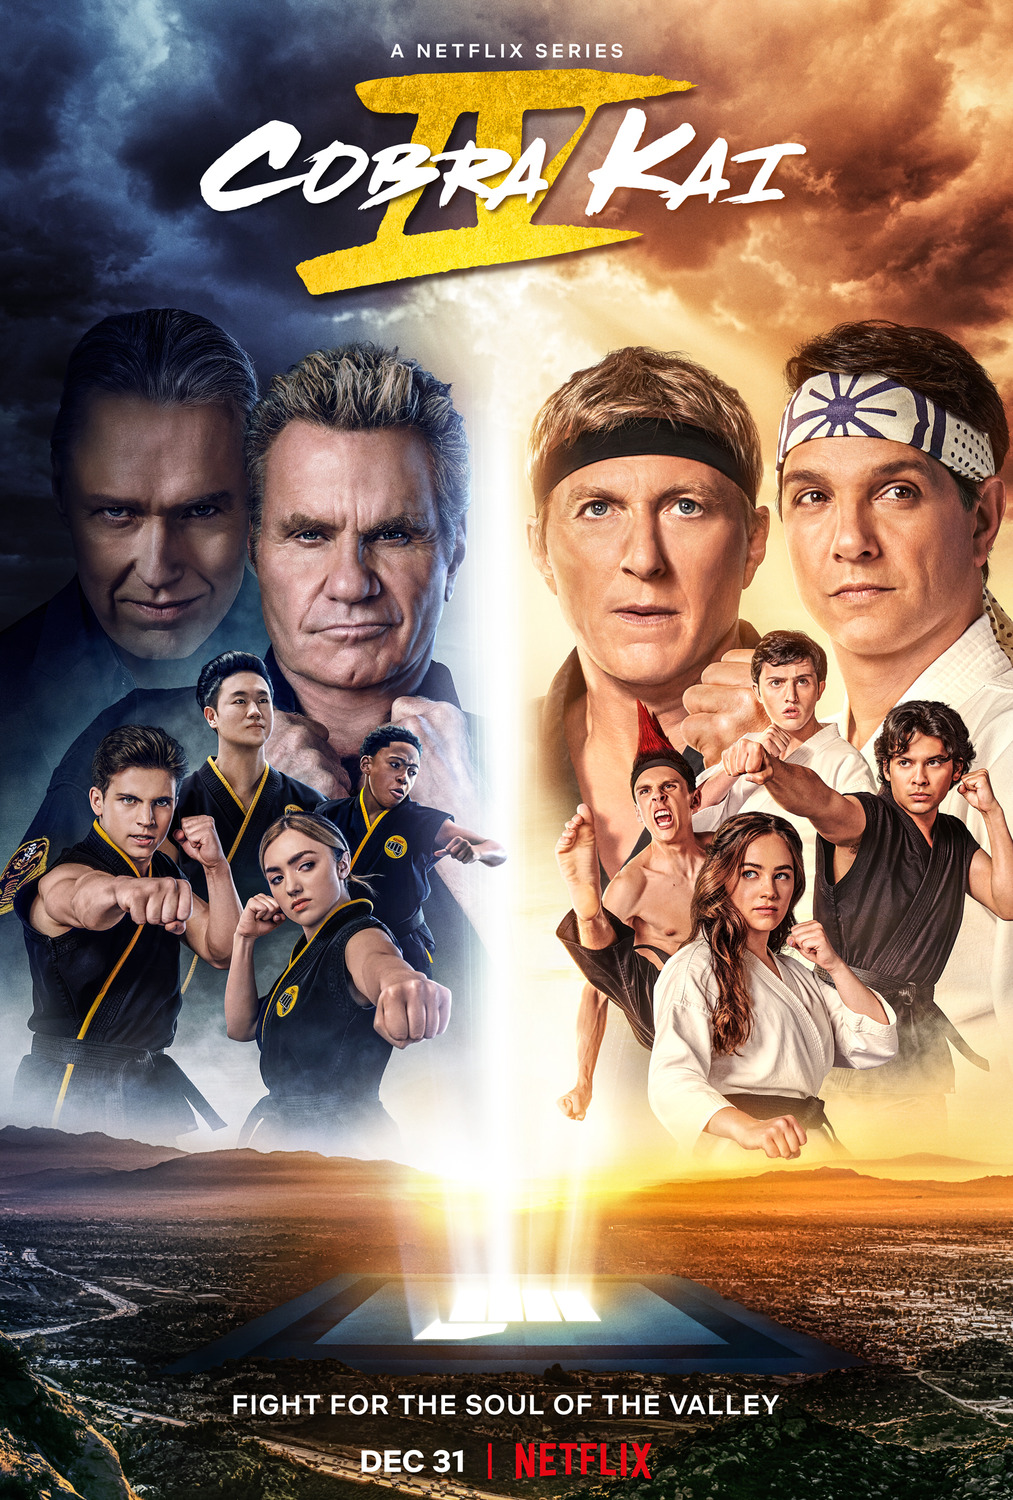 Extra Large TV Poster Image for Cobra Kai (#8 of 21)
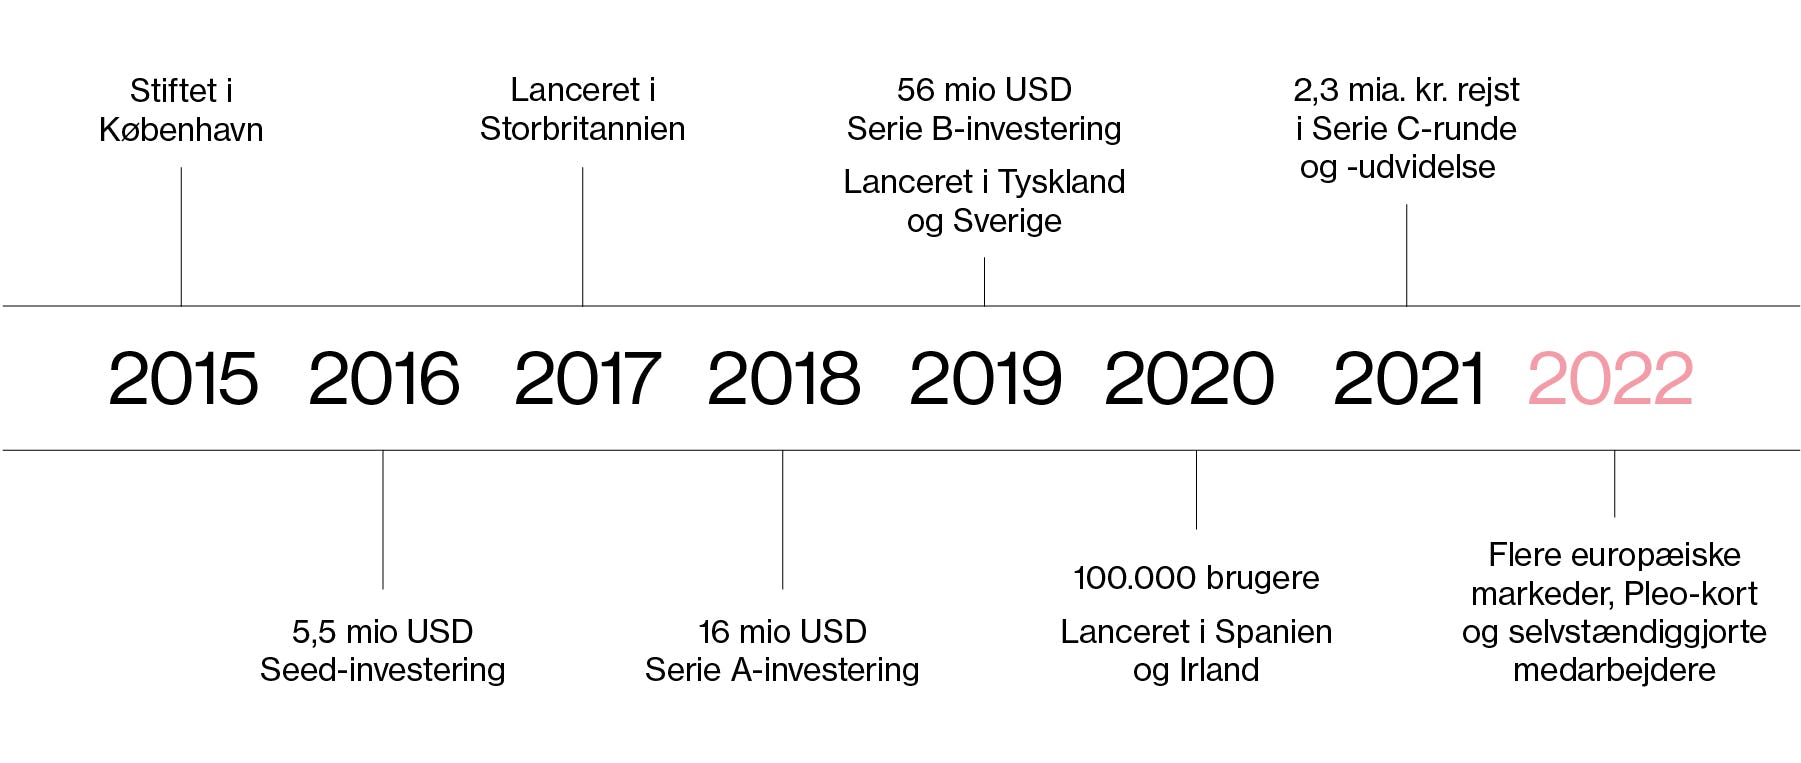 Pleo timeline from 2015 to 2022
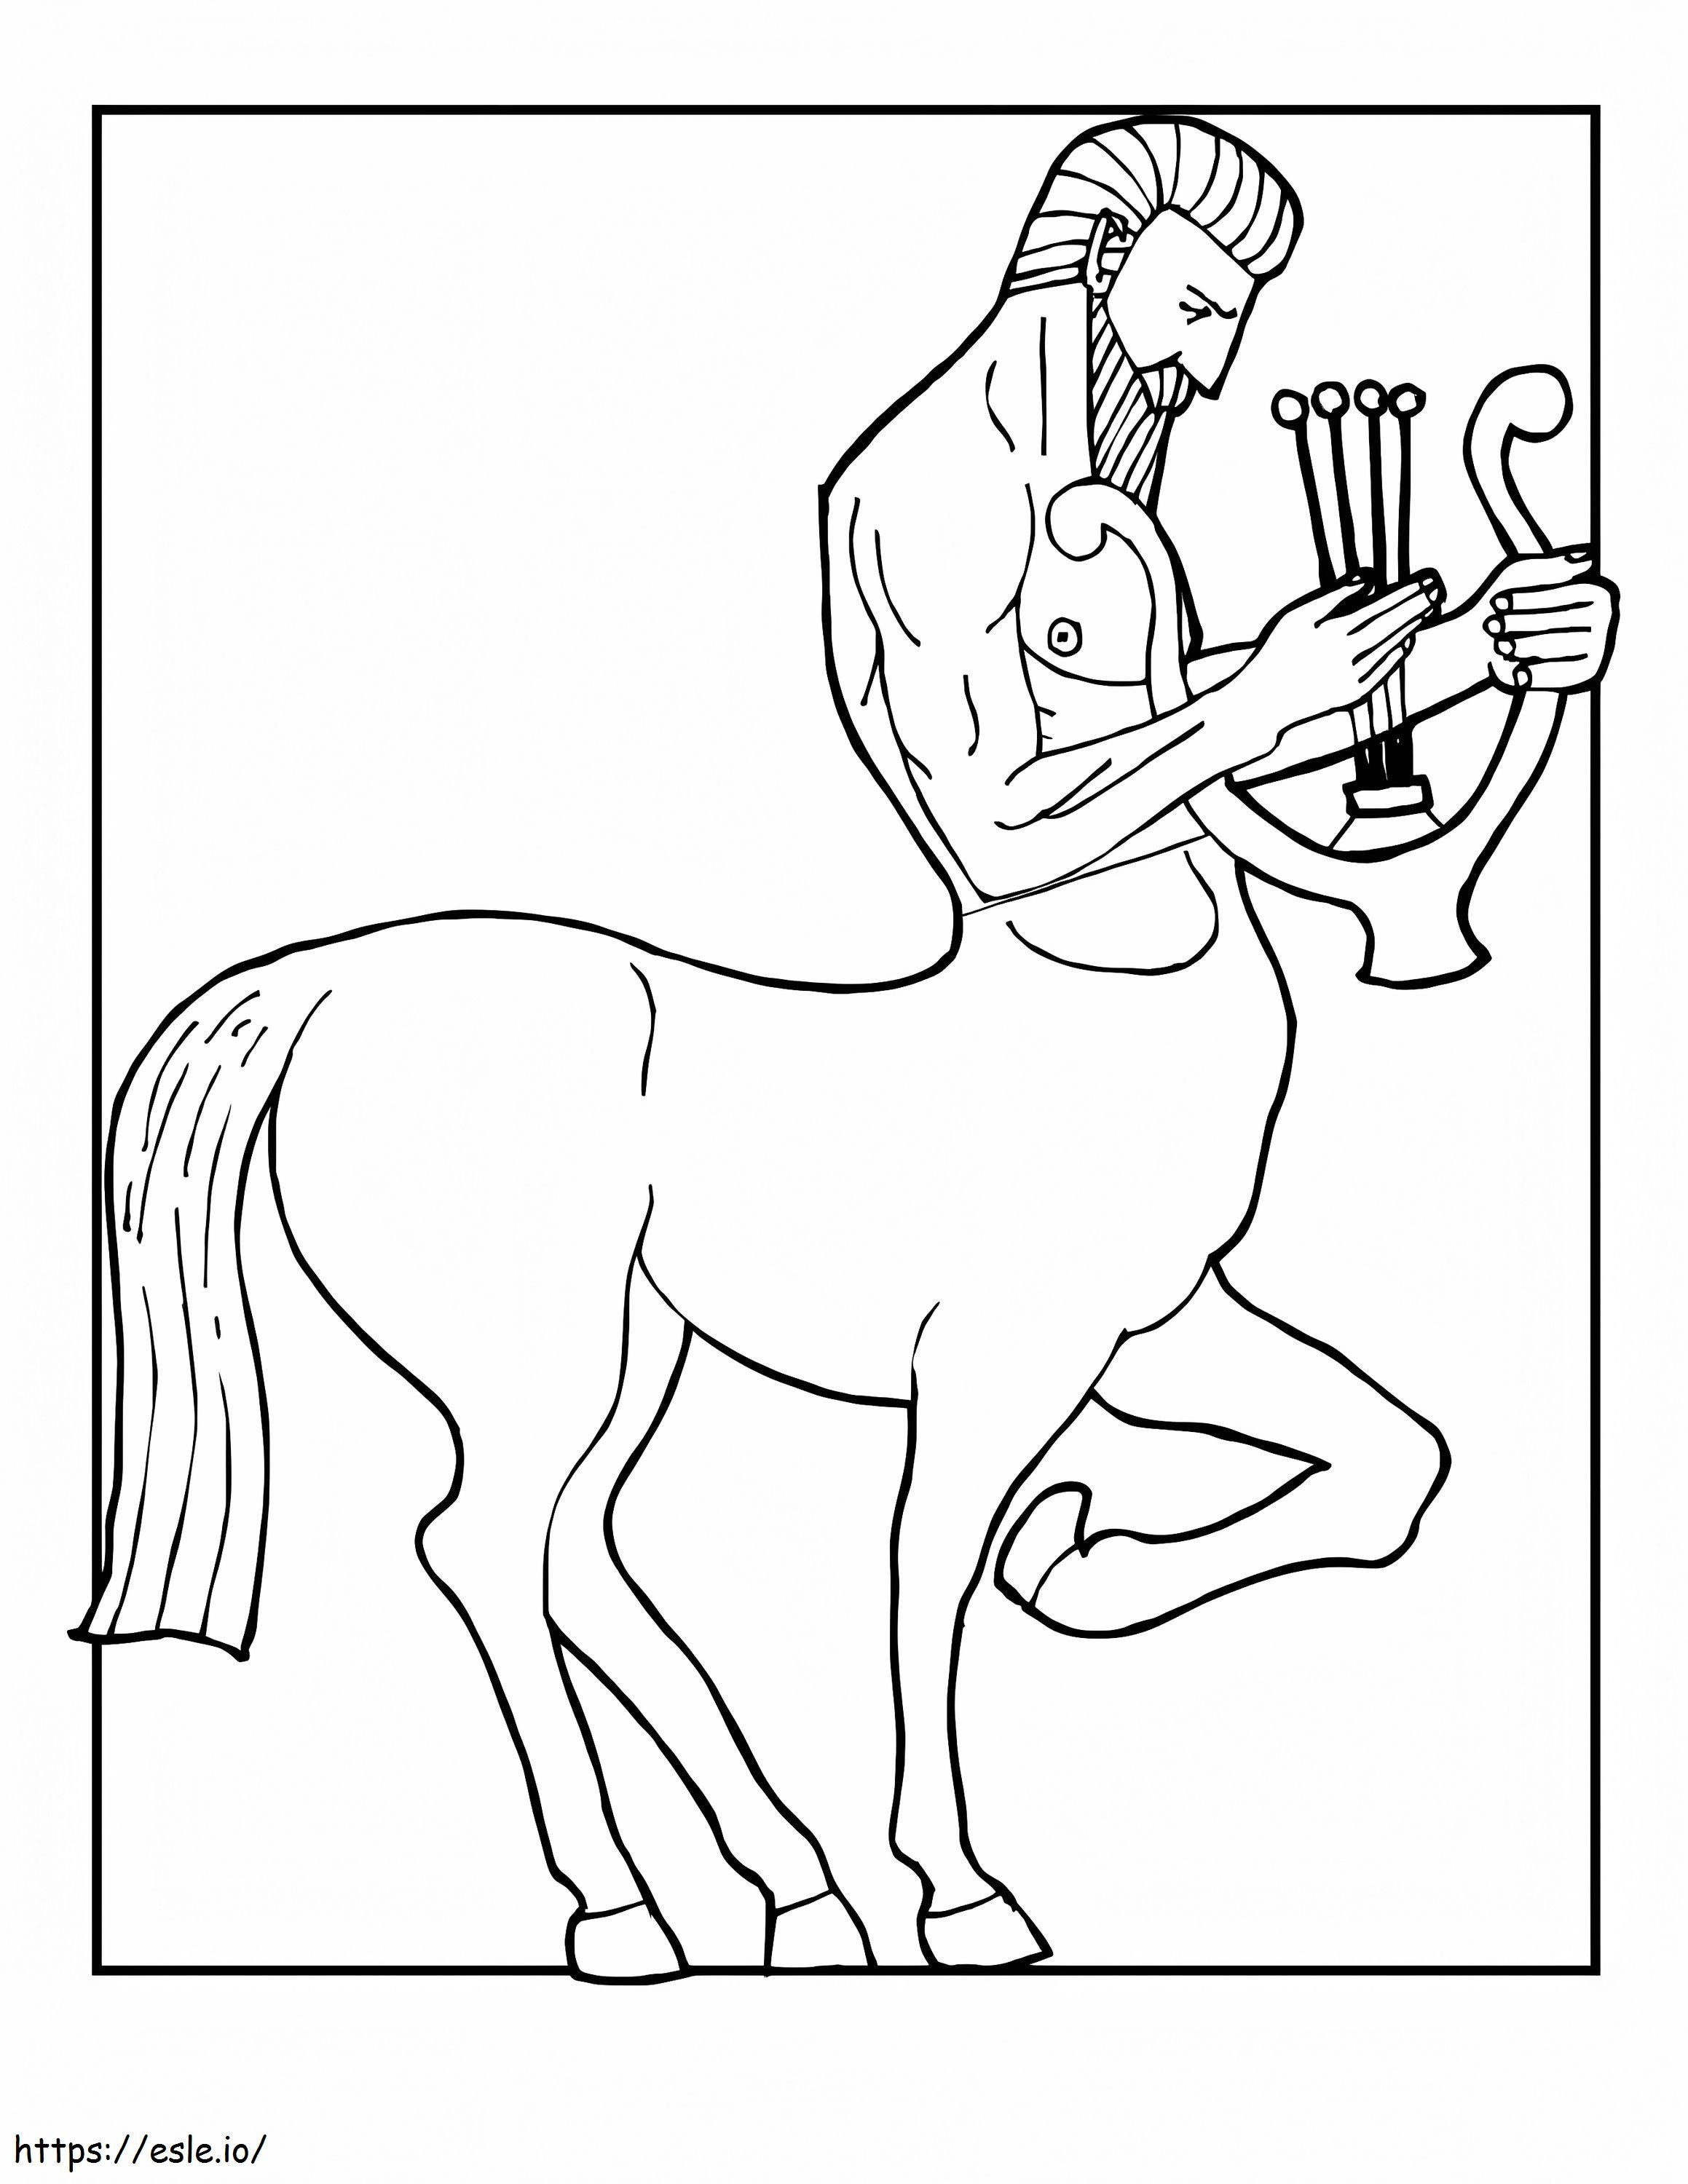 Centaur With Harp coloring page

══════

All of the material above is to be copied exactly, with no pictures.

 Extra Large TV Poster Image for Cobra Kai (#8 of 21)
 Pleo timeline from 2015 to 2022
 Centaur With Harp coloring page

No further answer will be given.